• **Data extract**:
::::::::

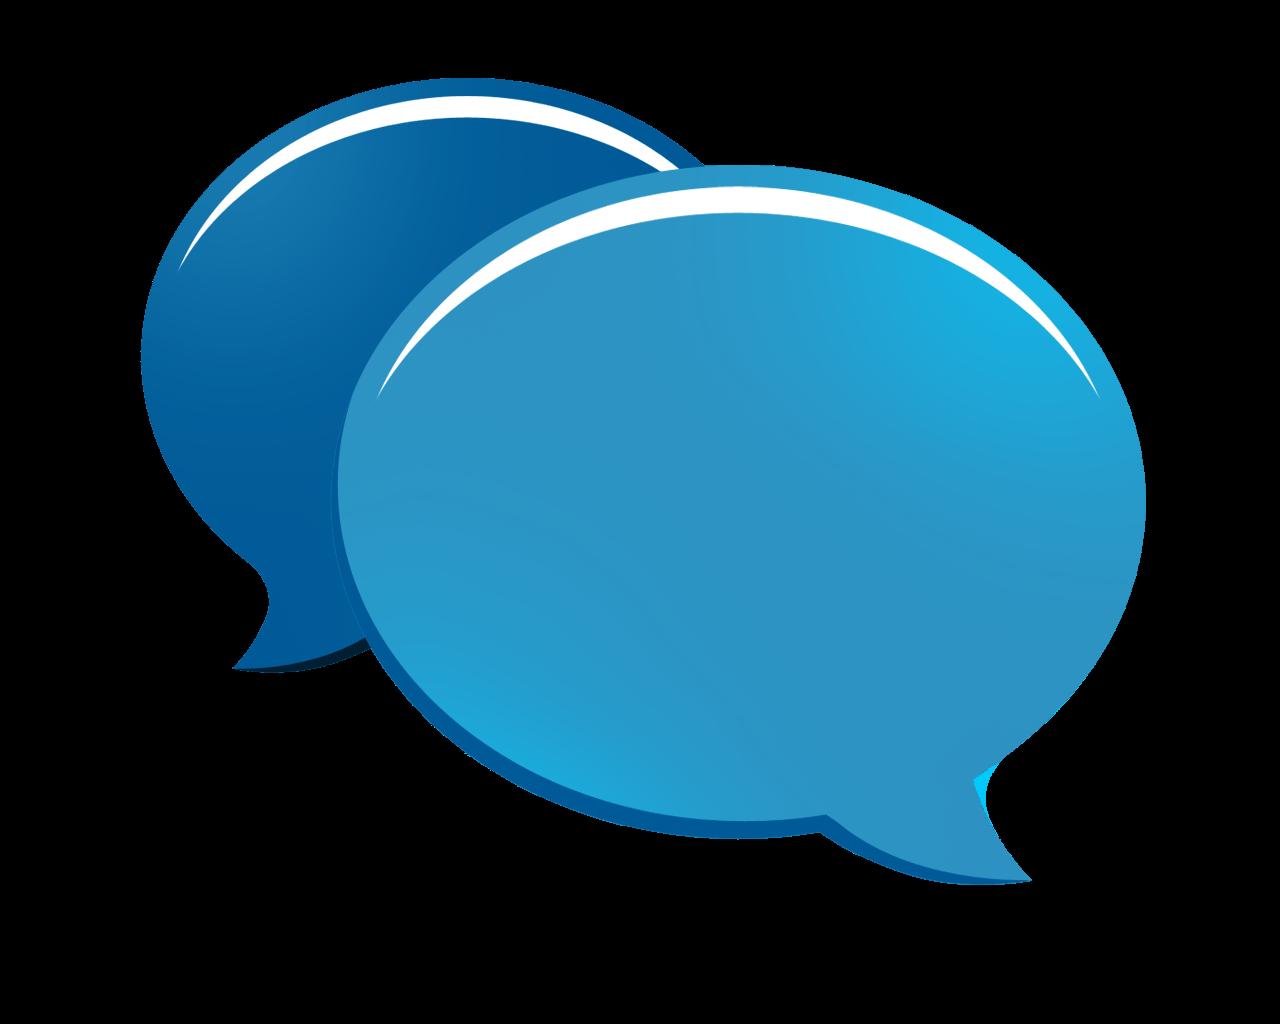 Clipart balloon conversation. Conversations transparent png images
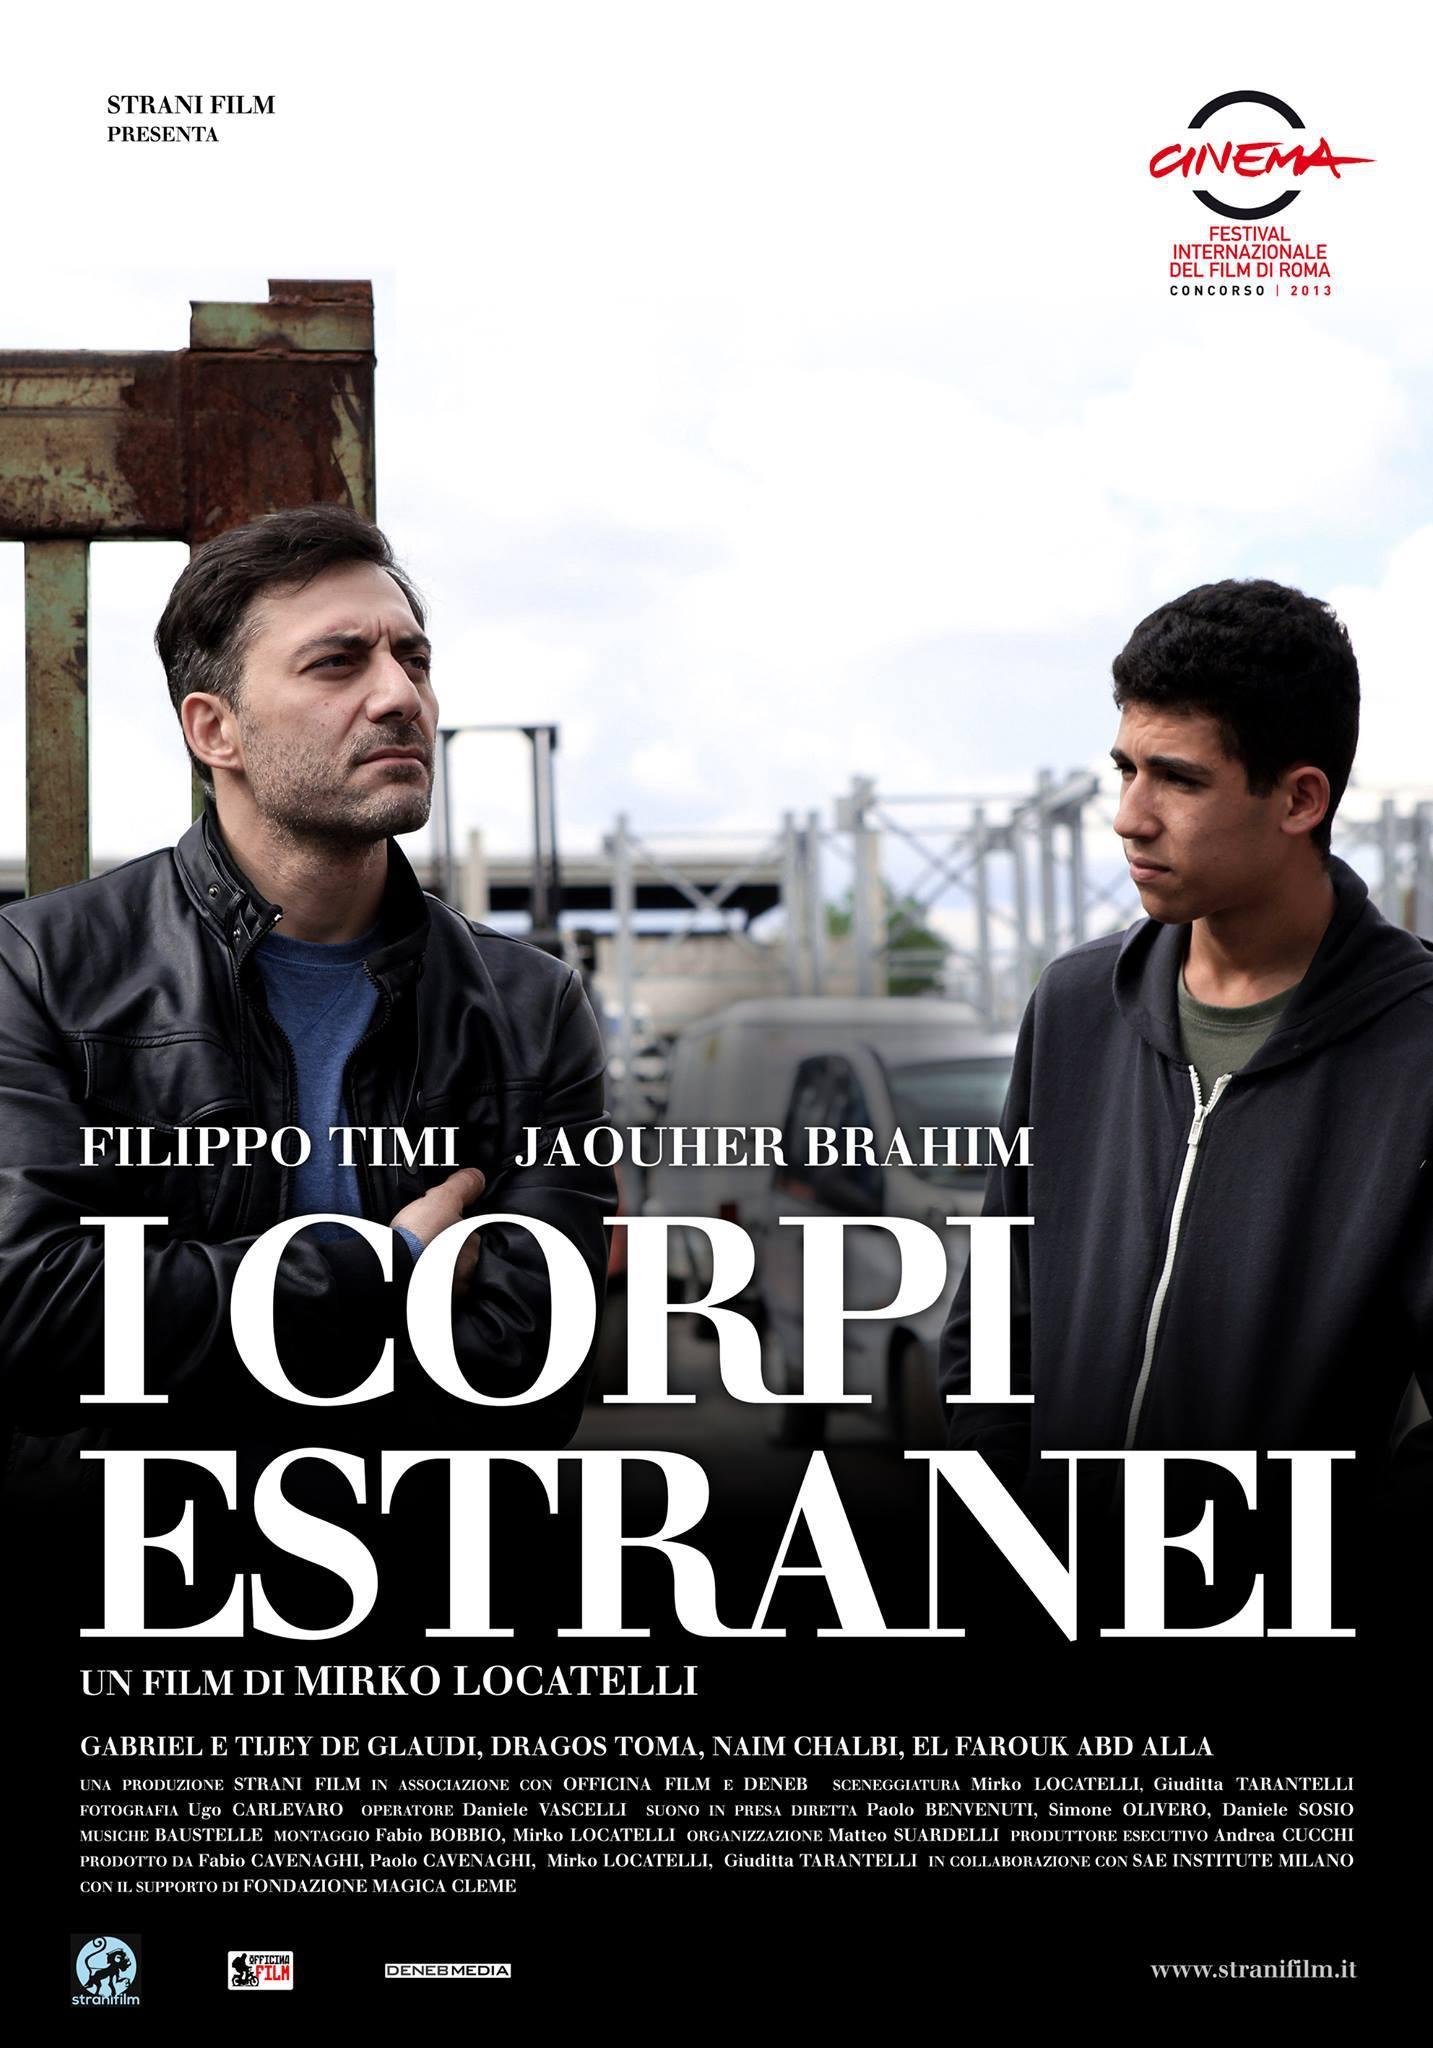 I_Corpi_estranei
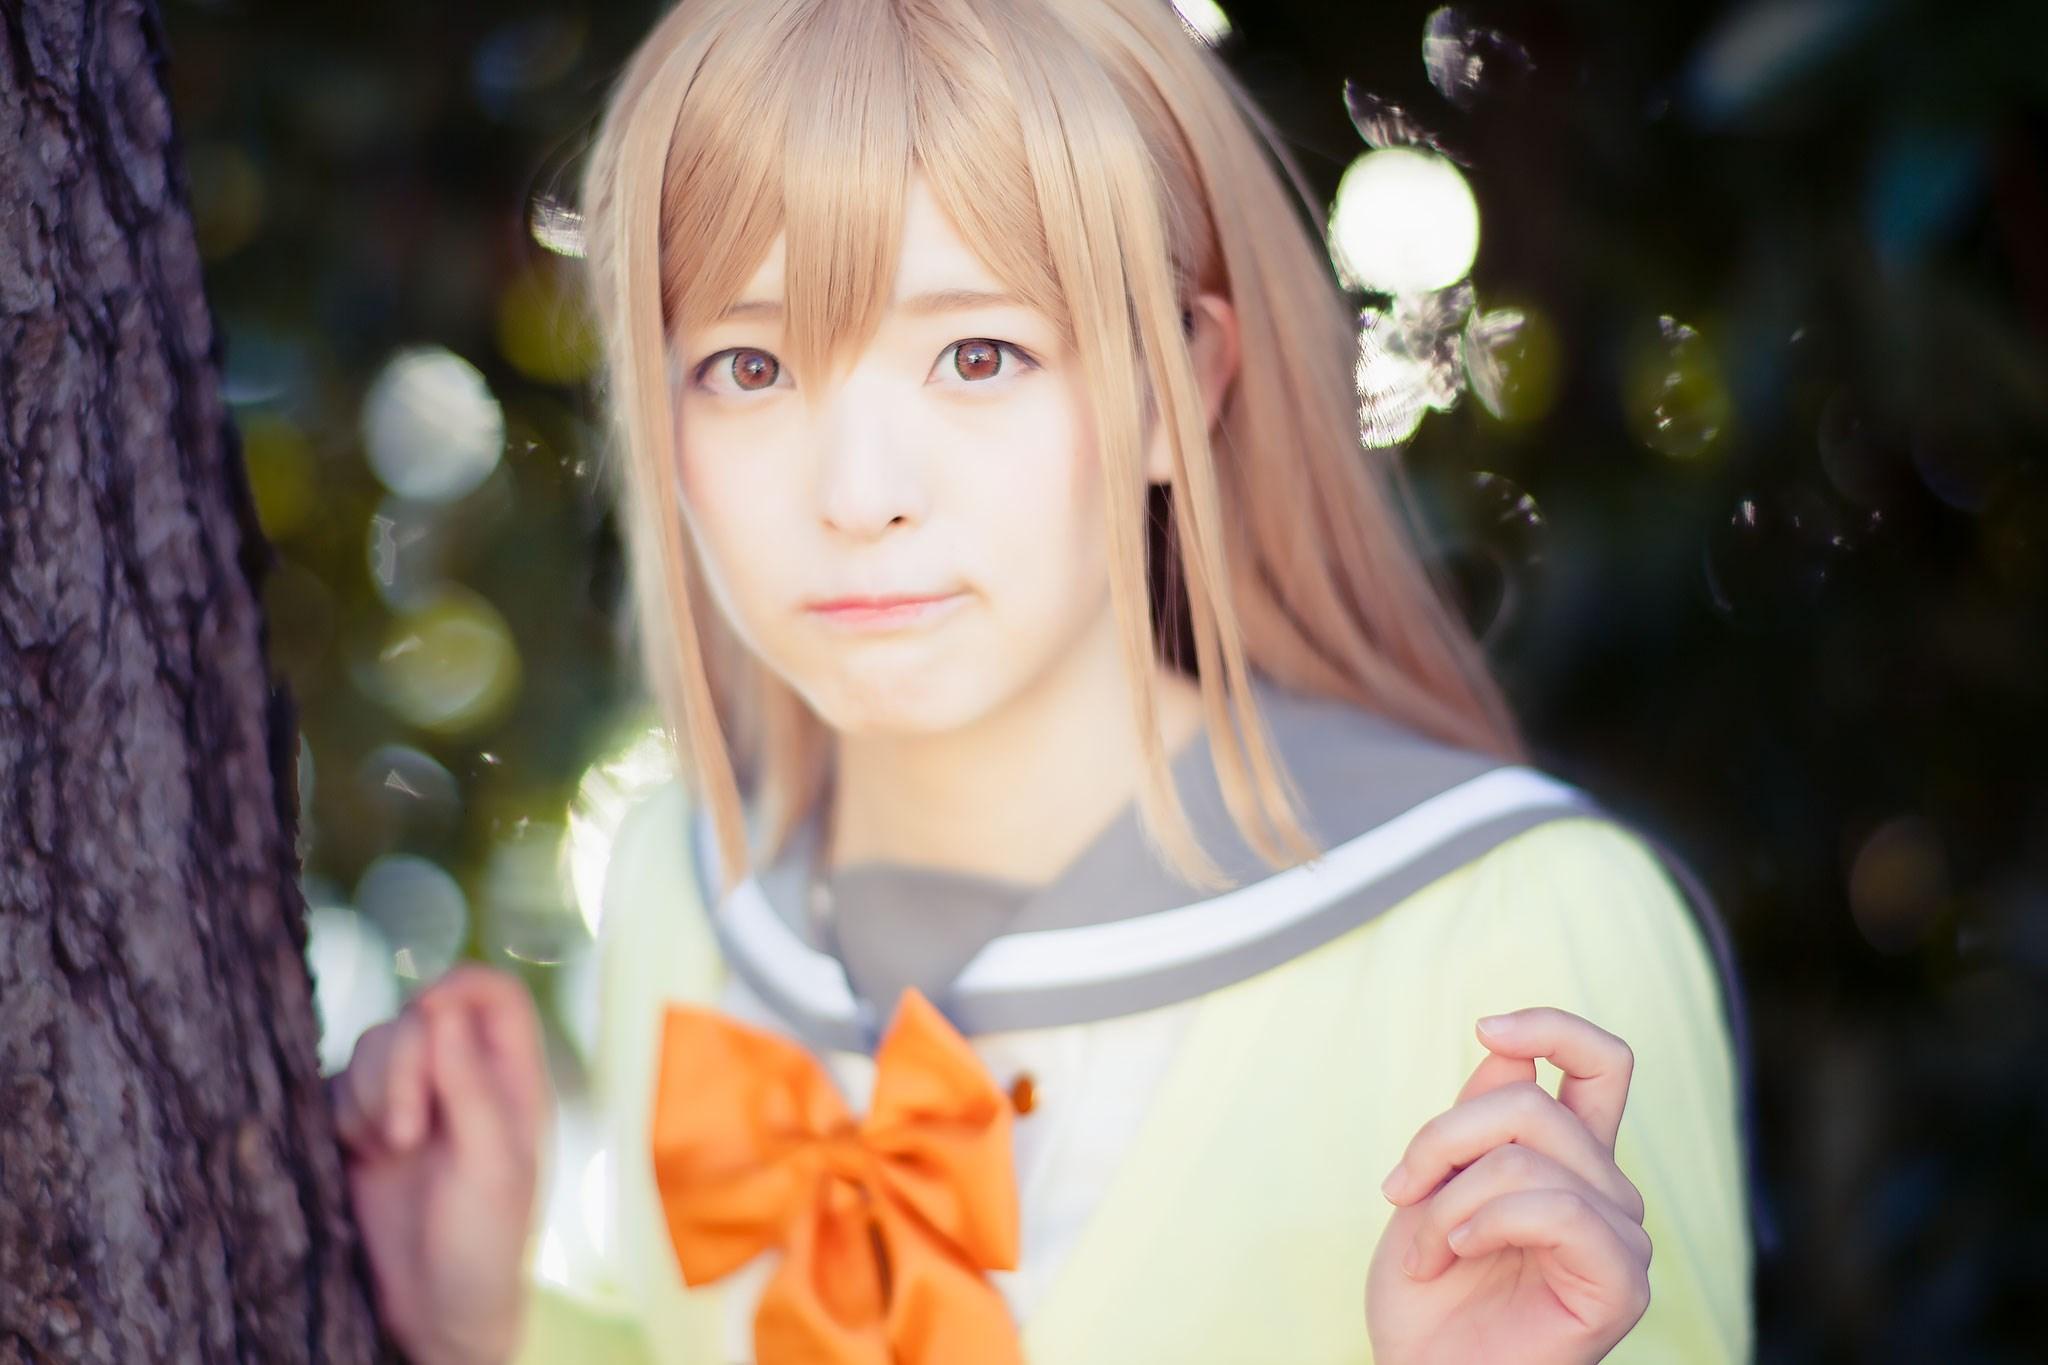 【兔玩映画】阳光与少女 兔玩映画 第35张

::::::::

Here the job is to print all the data exactly, skipping any image.

• **Reply**:
 Clipart balloon conversation. Conversations transparent png images
 I_Corpi_estranei
 【兔玩映画】阳光与少女 兔玩映画 第35张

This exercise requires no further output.